While advance retail sales were unchanged, total receipts excluding autos rose 0.4%. Economists surveyed by Dow Jones had been looking for a 0.1% increase in the top-line number and a flat total ex-autos. June’s gain was revised down to 0.8% from 1%.

Retail and food sales excluding gasoline and autos rose 0.7% from a month ago.

The numbers are adjusted seasonally but not for inflation, and come during a month when the consumer price index also was flat.

A tumble in fuel prices off their record nominal highs pushed down sales at the pump, with gas station receipts off 1.8%. Motor vehicle and parts dealers sales also fell sharply, declining 1.6%.

Gas prices had eclipsed $5 a gallon in many locations earlier in the summer, but fell through July and most recently were at $3.94 a gallon for regular unleaded, according to AAA.

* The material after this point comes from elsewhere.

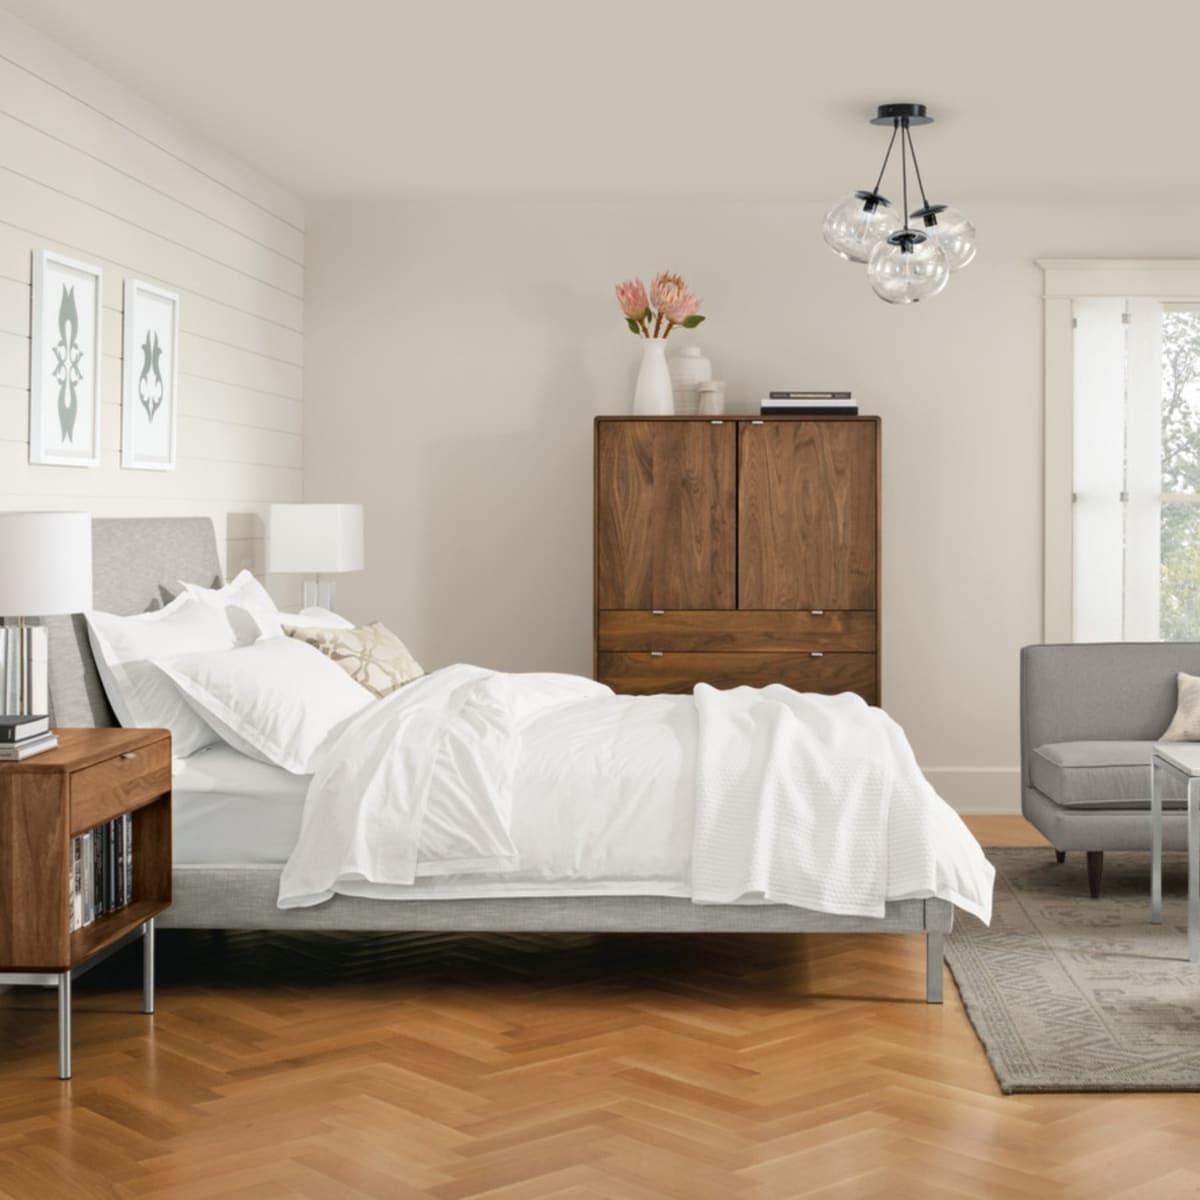 Modern furniture favorite picks Dallas district for first Texas ...

“People appear to have used some of the savings from lower gas prices to spend more on other items, both in nominal and — very likely — real terms,” wrote Ian Shepherdson, chief economist at Pantheon Macroeconomics. “Auto sales have been severely constrained by the chip shortage, so pent-up demand likely is substantial. July’s other losers were department stores and clothing retailers, but all these components are noisy and subject to revisions.”

Those pullbacks in gas and auto sales were offset by a 2.7% increase in online sales and a 1.5% gain in miscellaneous stores.

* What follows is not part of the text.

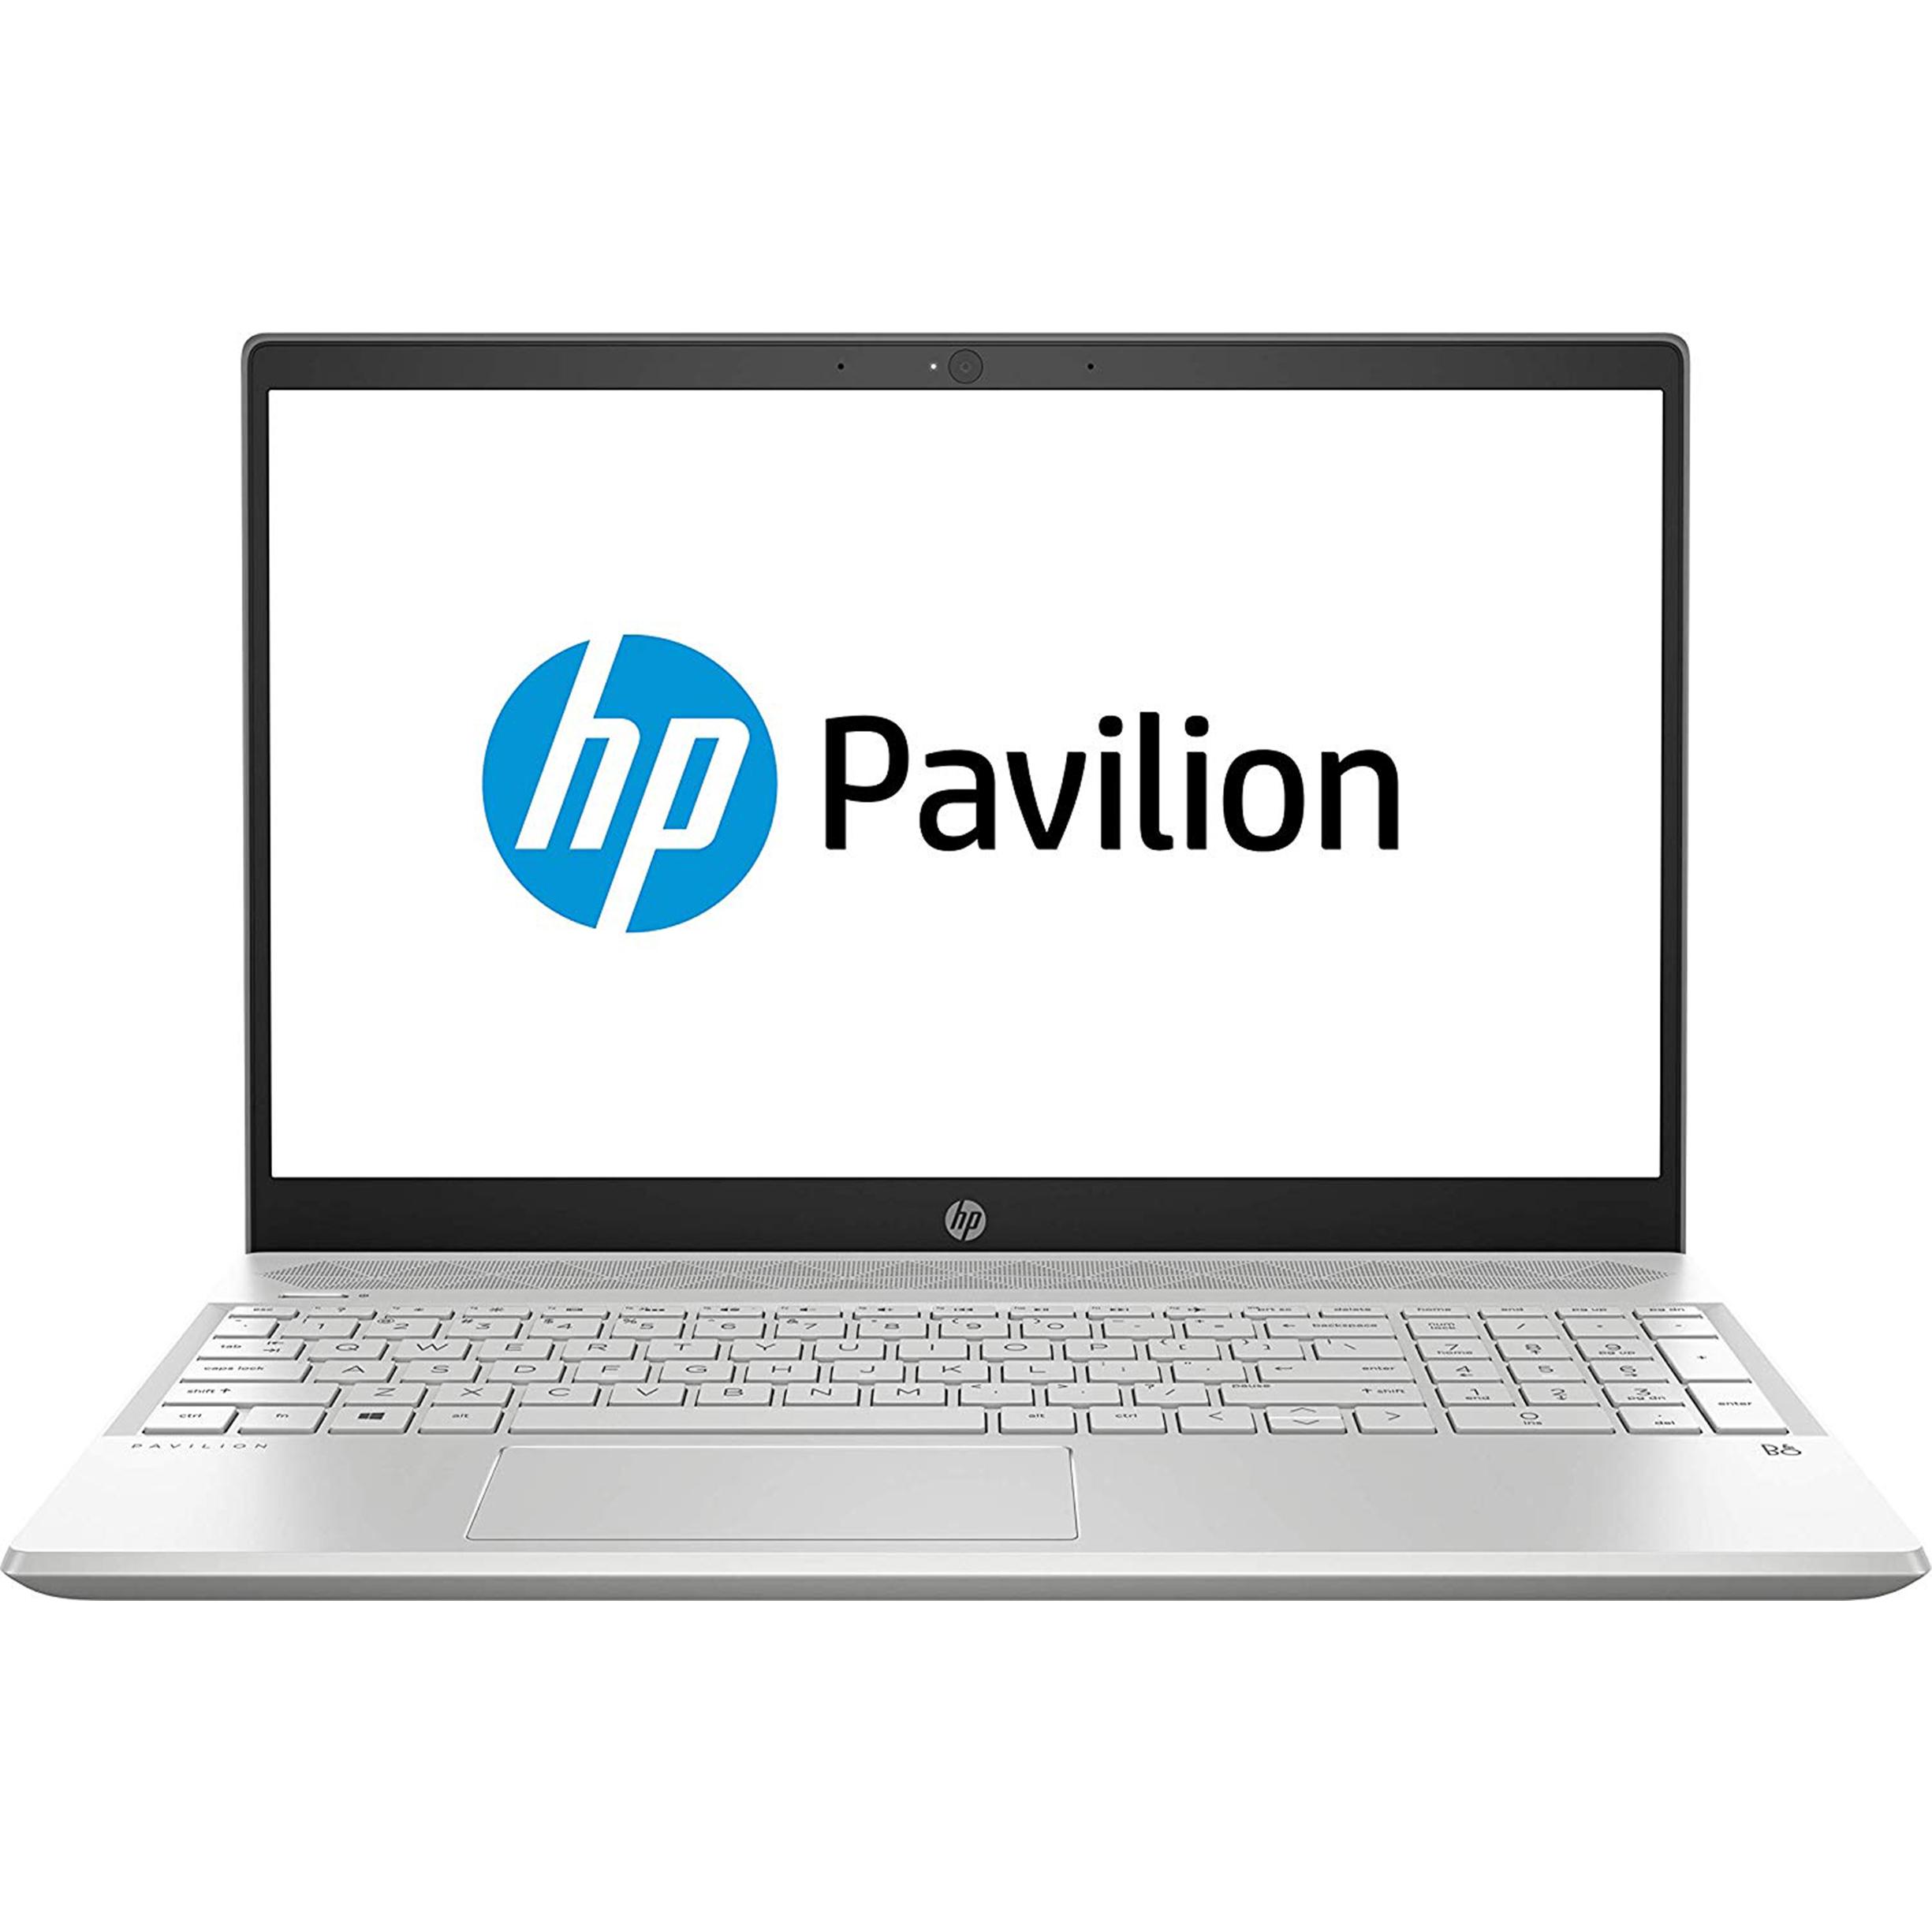 لپ تاپ 15 اینچی اچ پی مدل Pavilion CS1000-D

Consumers have been fighting to keep up with an inflationary environment that has seen prices overall increase 8.5% from a year ago, close to the highest level in 40 years. Price rises have been especially pernicious in the food and energy category; even with the July slide in energy prices, gas station receipts climbed 39.9% from a year ago.

July provided some respite from inflation pressures, and the decline in fuel costs particularly allowed consumers to spend elsewhere.

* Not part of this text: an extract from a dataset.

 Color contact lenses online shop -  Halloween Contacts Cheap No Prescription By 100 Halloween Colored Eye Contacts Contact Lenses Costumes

Food sales rose just 0.2%, however, even as the food price index as measured by the Bureau of Labor Statistics increased 1.1% for the month. Sales at bars and restaurants also struggled, rising just 0.1%.

Some retailers also have struggled in the current environment.

Target on Wednesday said its earnings tumbled close to 90% from a year ago as it has had to mark down prices on unwanted inventory.

The Federal Reserve has been using interest rate increases to hold back inflation. The central bank enacted consecutive 0.75 percentage point hikes in June and July and is expected to keep moving rates higher until inflation comes down to the Fed’s 2% goal.

Correction: Target on Wednesday said its earnings tumbled close to 90% from a year ago. An earlier version misstated the metric.